• _Data extract_
*** Block opens ***
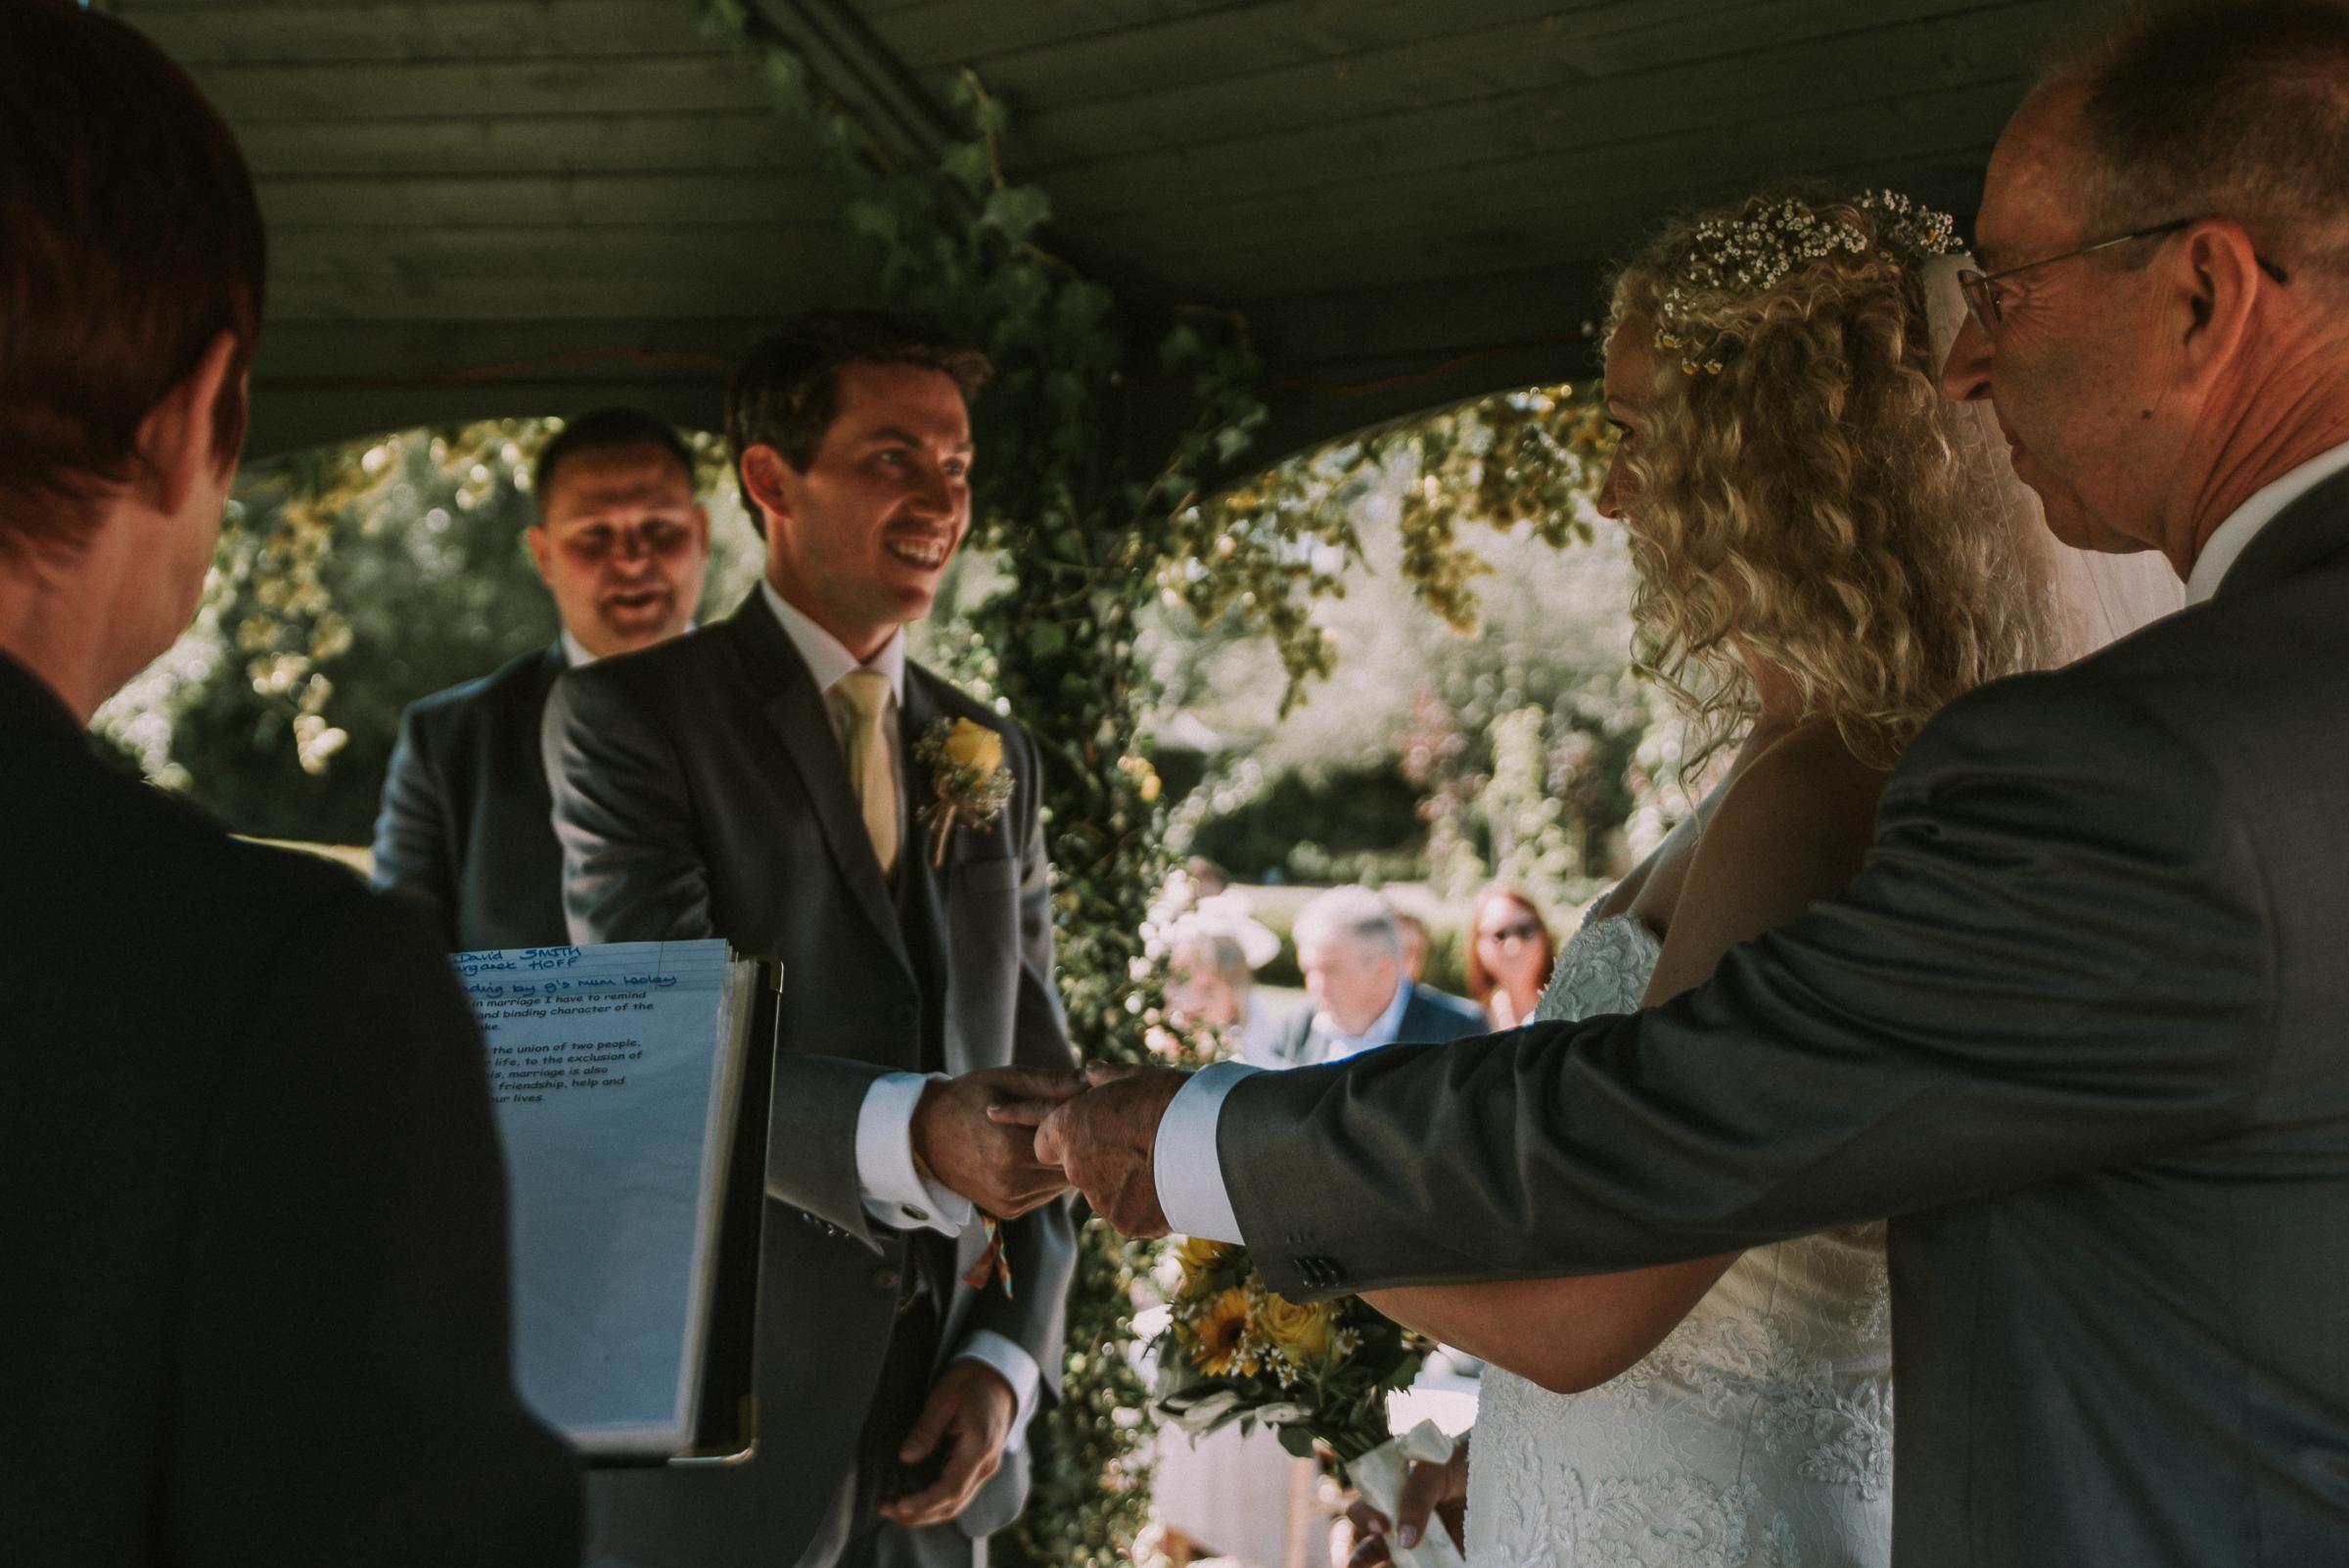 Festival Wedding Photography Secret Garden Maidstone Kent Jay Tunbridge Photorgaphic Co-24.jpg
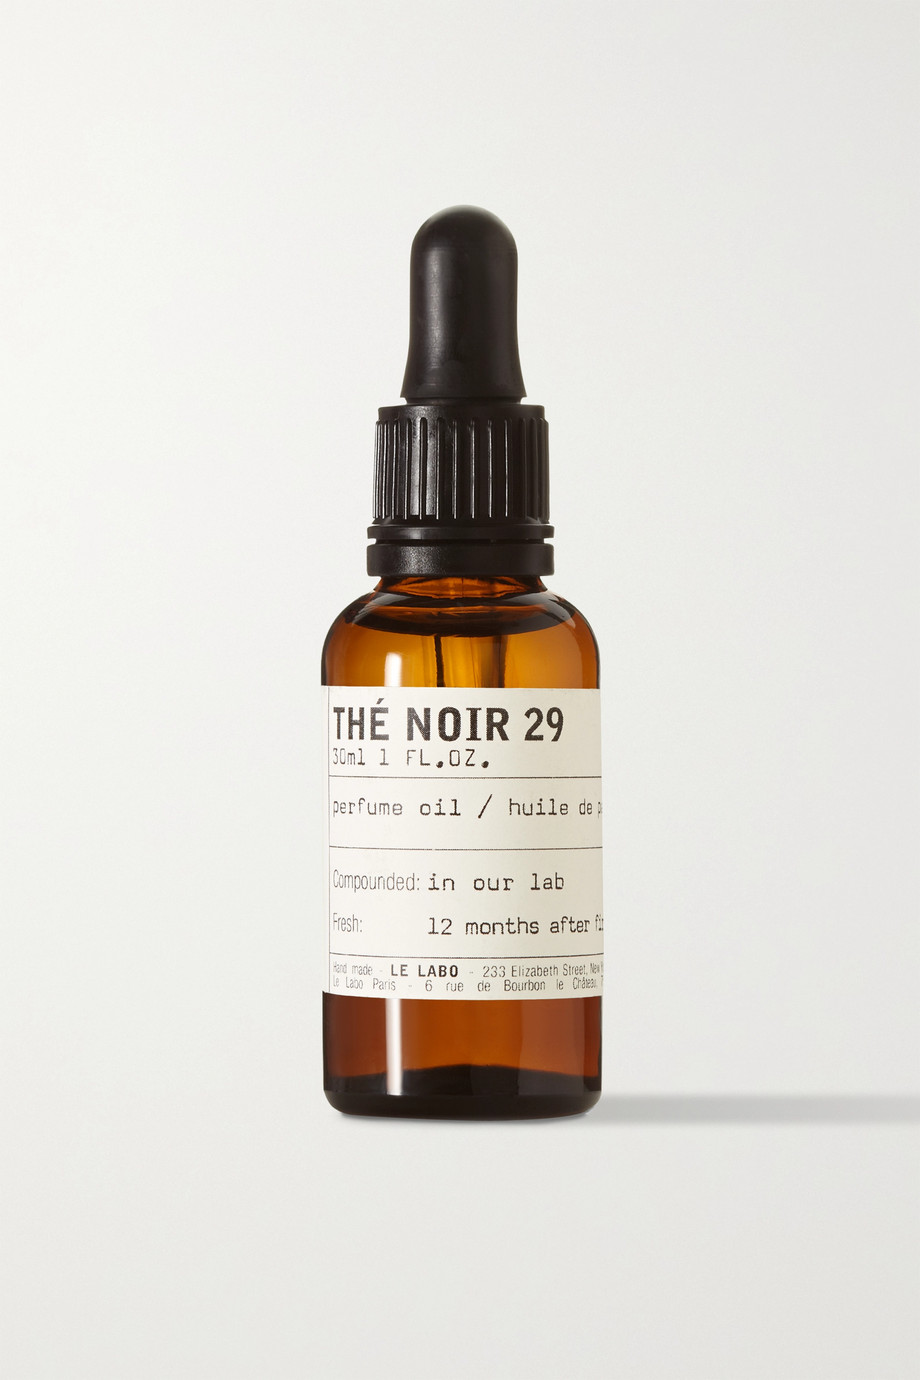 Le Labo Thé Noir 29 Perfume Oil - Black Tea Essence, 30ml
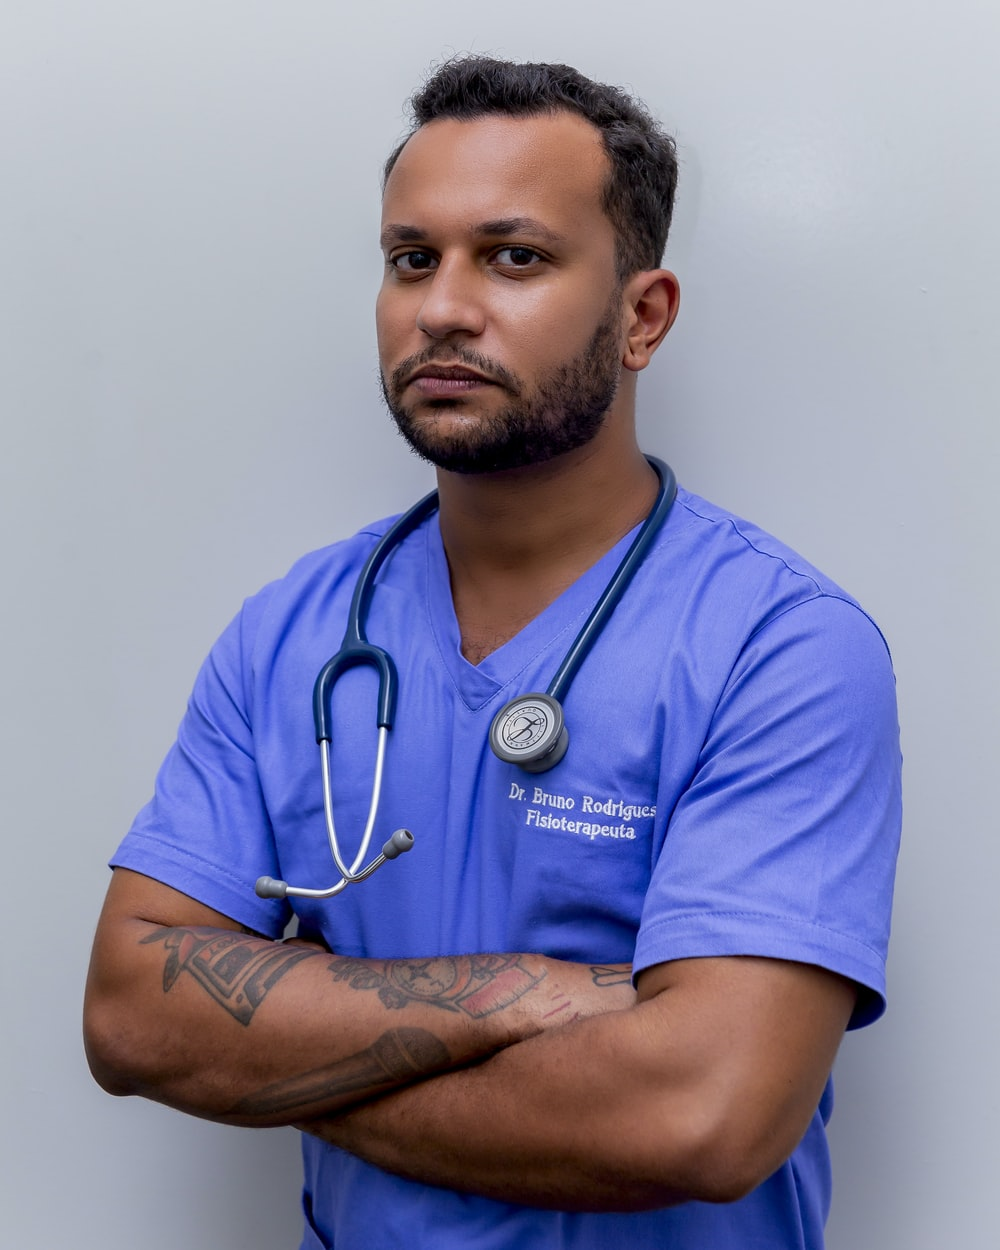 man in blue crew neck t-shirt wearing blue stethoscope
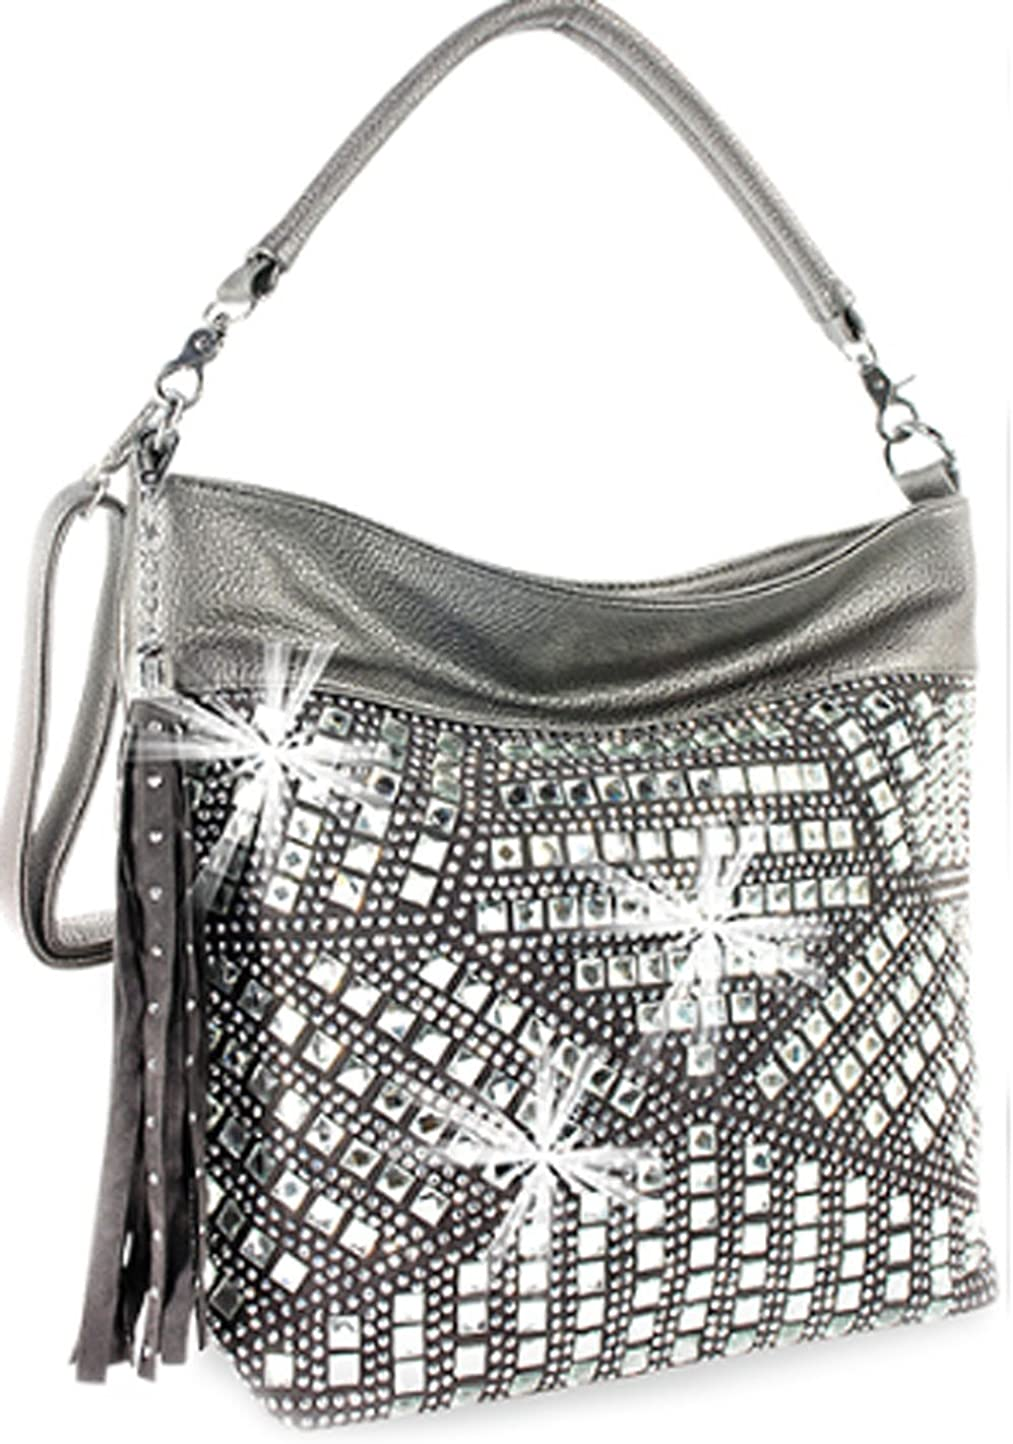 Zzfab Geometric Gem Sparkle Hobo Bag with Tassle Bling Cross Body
*** Block closes ***
• _Task instructions_
Quote the data above in full, leaving out the pictures it holds.

• _Response below_
 Festival Wedding Photography Secret Garden Maidstone Kent Jay Tunbridge Photorgaphic Co-24.jpg
 Le Labo Thé Noir 29 Perfume Oil - Black Tea Essence, 30ml
 man in blue crew neck t-shirt wearing blue stethoscope
 Zzfab Geometric Gem Sparkle Hobo Bag with Tassle Bling Cross Body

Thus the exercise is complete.